And then there’s “Stuart Little,” the most surreal moment on the album. In de la Cour’s darkly comic imagination, the beloved children’s book mouse commits murder and is pursued by the cast of Cats. It’s absurd and disturbing in equal measure—an example of how de la Cour’s narrative range continues to expand.

Late in the album, de la Cour offers a radical take on Hank Williams’ “Lost Highway.” Gone is the lonesome twang—replaced by sludgy, distorted gloom. It’s a dirge, dragging the listener into the depths of despair, like a Nine Inch Nails track on depressants.

Ben de la Cour delivers a record both unsettling and uncompromising. New Roses doesn’t offer comfort; rather, it stares down darkness with poetic clarity and unwavering intent. Where other artists might pull back, de la Cour leans in, drawing strength from the raw weight of discomfort.


Trapped, Ben Kweller (from The Noise Company release Cover the Mirrors)
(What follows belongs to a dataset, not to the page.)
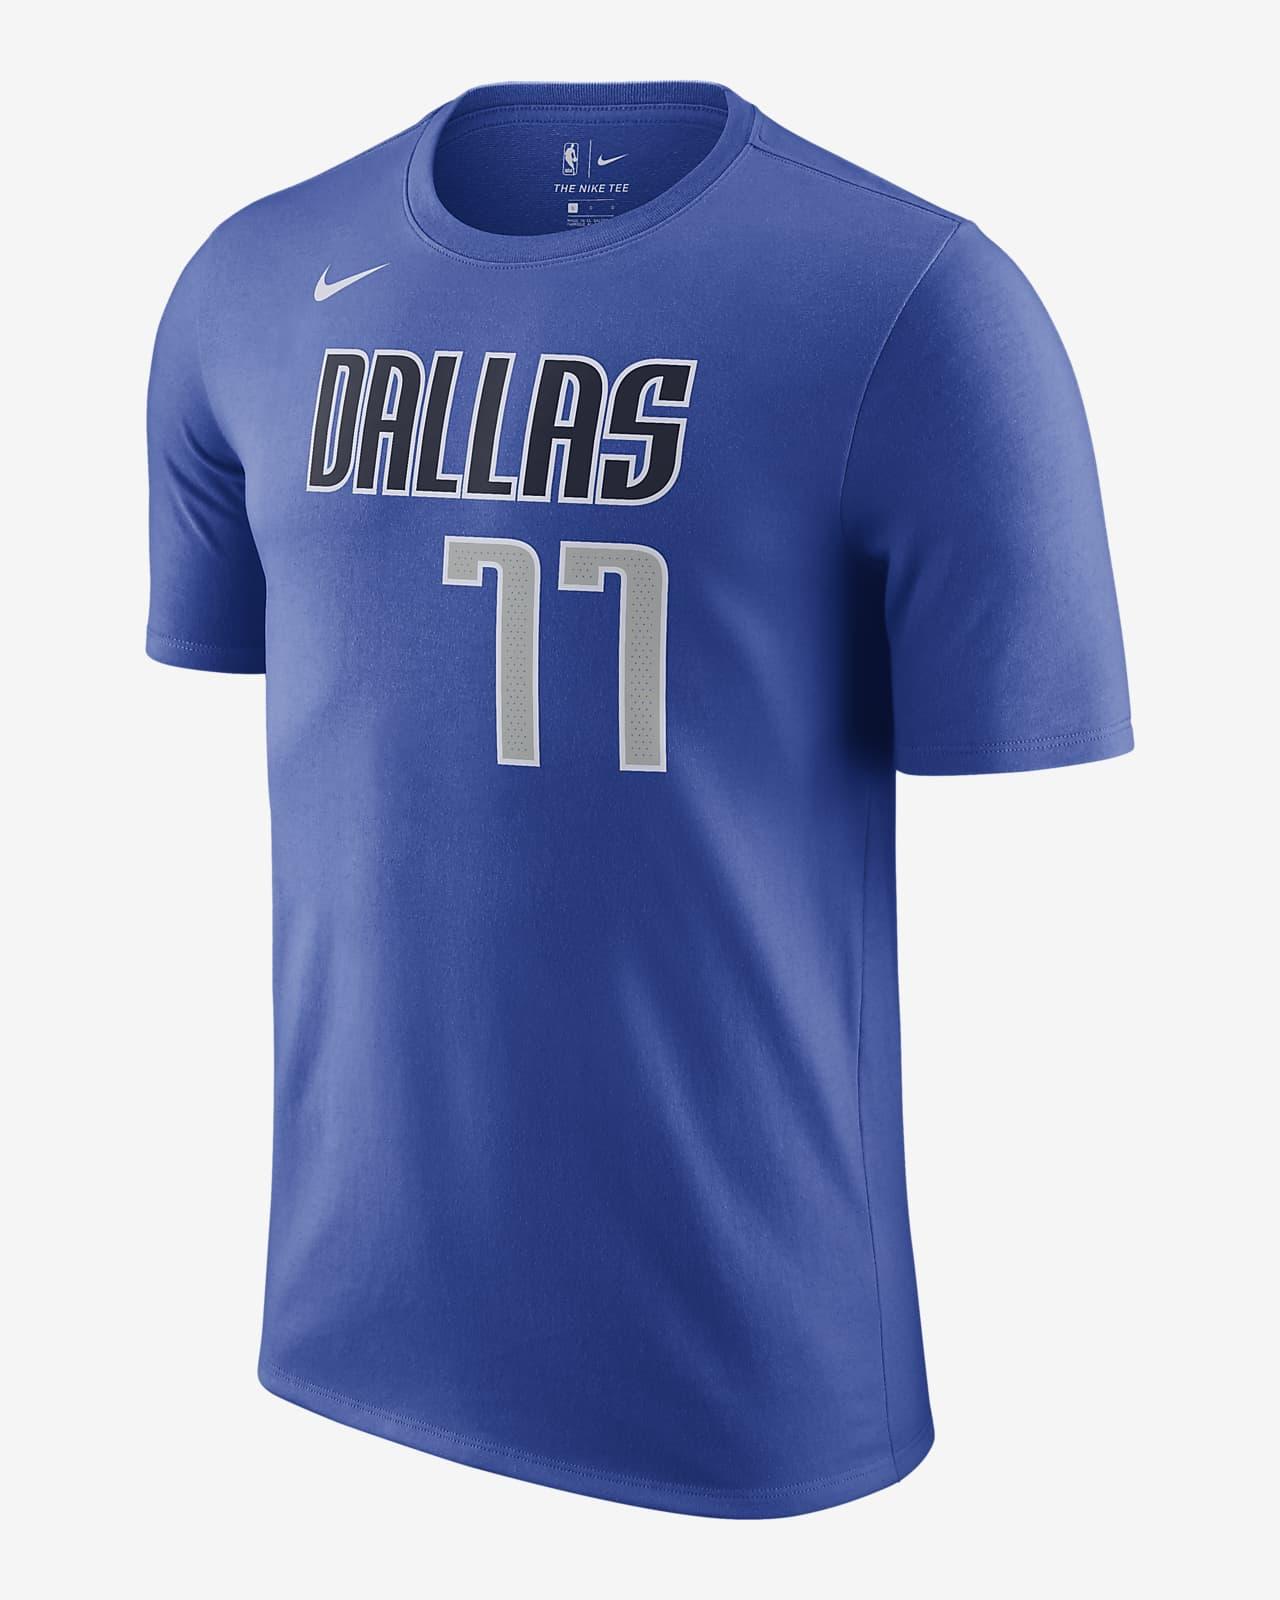 Dallas Mavericks Men's Nike NBA T-Shirt

Ben Kweller’s Cover the Mirrors is a raw and unflinching album shaped by the tragic loss of his son Dorian in a car accident. It charts the messy, complicated terrain of sorrow, love, and resilience—sometimes loud and turbulent, sometimes painfully quiet. These songs feel lived-in and unguarded, shaped by someone reckoning with grief while searching for meaning, connection, and some sliver of light in the dark.

The album opens with “Going Insane,” a chaotic, poetic swirl of personal anxiety and cultural collapse. Nostalgia clashes with disillusionment as Kweller stitches together fragments of a world off balance. The repeated refrain—“we’re going insane”—feels less like despair than recognition, a weary acknowledgment of the madness all around.

From there, the album veers into more electric terrain with “Dollar Store.” Guitars build from solitary riffs to a full-band surge as Kweller sings of disconnection and distraction. The lyrics capture that hollow middle ground between numbness and longing: “I’m looking for some motivation / I don’t know what I’m looking for.”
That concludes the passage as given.